Generell ist nicht nur die Schlüssigkeit des Businessplans zu klären, sondern auch die grundsätzliche Frage, ob die Geschäftsidee am Markt erfolgreich sein kann. Eine Marktanalyse hilft, die Erfolgsaussichten im Vorhinein einzuschätzen.

Eine bekannte staatliche Förderung wird durch die Agentur für Arbeit ermöglicht. Im Anschluss an die Leistungen von ALG 1 bietet die Agentur für den Zeitraum von neun Monaten einen sogenannten Gründungszuschuss, der in gleicher Höhe wie die bisherigen Leistungen gewährt wird. Für den Personenkreis, der vor der Existenzgründung Leistungen gemäß ALG 2 bezogen hat, steht ein Zuschuss von mindestens 50 Prozent der bisherigen Leistungen für den Zeitraum von wenigstens sechs Monaten zur Verfügung. Für beide Zuschüsse ist eine Stellungnahme von fachkundiger Seite im Sinne eines Gutachtens vorzulegen, aus der hervorgeht, dass zukünftig der Lebensunterhalt mit der Geschäftsidee bestritten werden kann.

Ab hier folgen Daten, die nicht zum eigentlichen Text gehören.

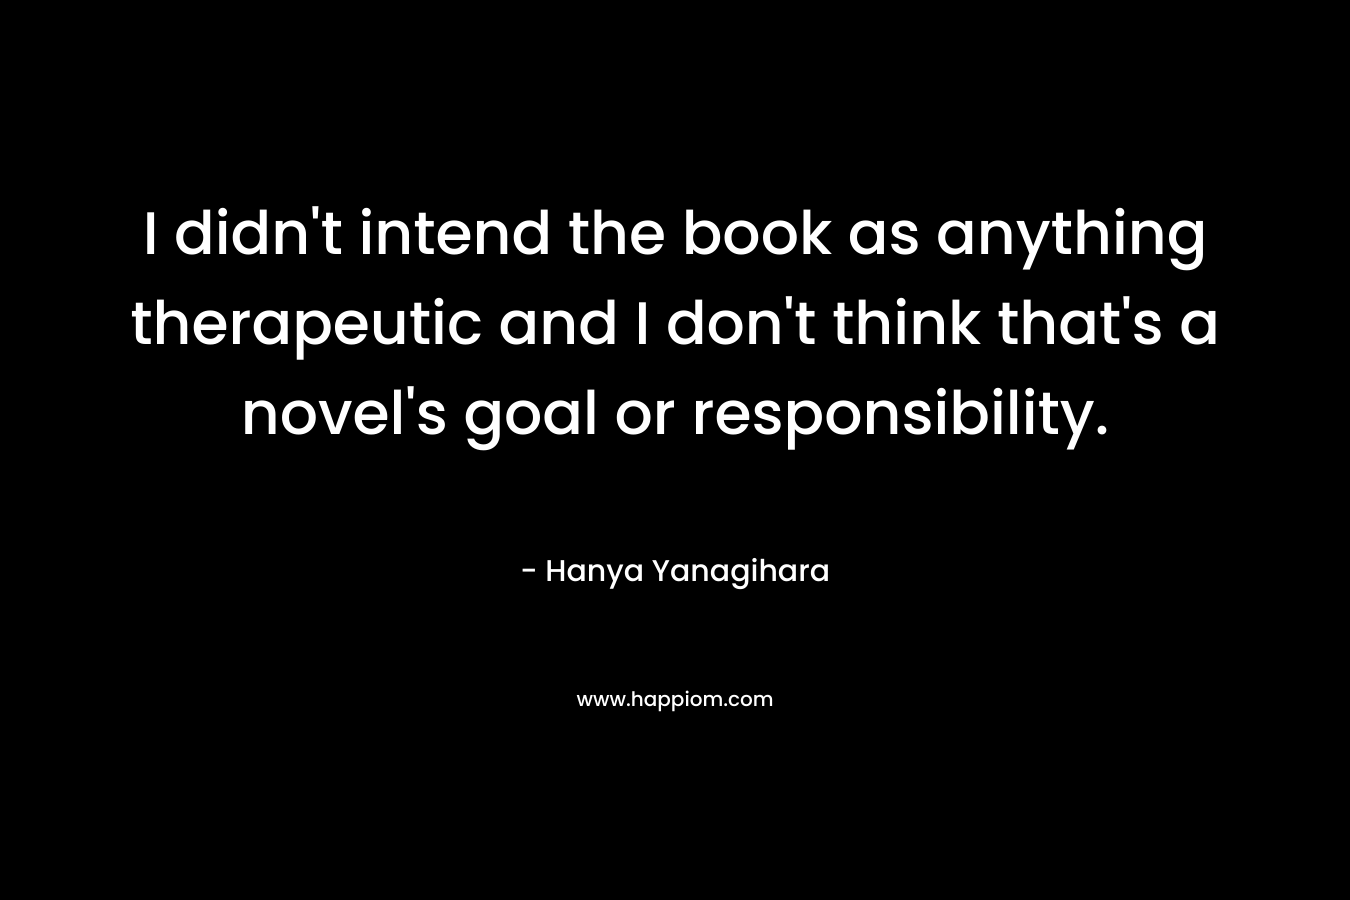 I didn’t intend the book as anything therapeutic and I don’t think that’s a novel’s goal or responsibility. – Hanya Yanagihara

Existenzgründer, die im Anschluss an eine Festanstellung in die Selbstständigkeit wechseln möchten, sind mit der KfW Bank (Kreditanstalt für Wiederaufbau) gut beraten. Das Kreditinstitut untersteht der Beaufsichtigung durch das Bundesfinanzministerium und bietet eine staatliche Förderung in Form eines Startgeldes für neu einzurichtende Unternehmen. Das Darlehen ist zweckgebunden und dient der Anschaffung der benötigten Ausstattung und betrieblichen Mittel. Die Förderung durch die KfW Bank wird sowohl für Vollzeitunternehmen als auch für nebenberufliche Existenzgründungen gewährt, sofern für diese eine mindestens fünfzehnstündige wöchentliche Arbeitszeit investiert wird.

Lesen Sie in diesem Artikel die 7 Schritte zur Existenzgründung

Als finanzielle Absicherung wird für Existenzgründer der Abschluss einer Lebensversicherung empfohlen. Darüber hinaus gehören mindestens die Krankenversicherung, eine Berufsunfähigkeitsversicherung und die Betriebshaftpflichtversicherung zu den unabdingbaren Absicherungen.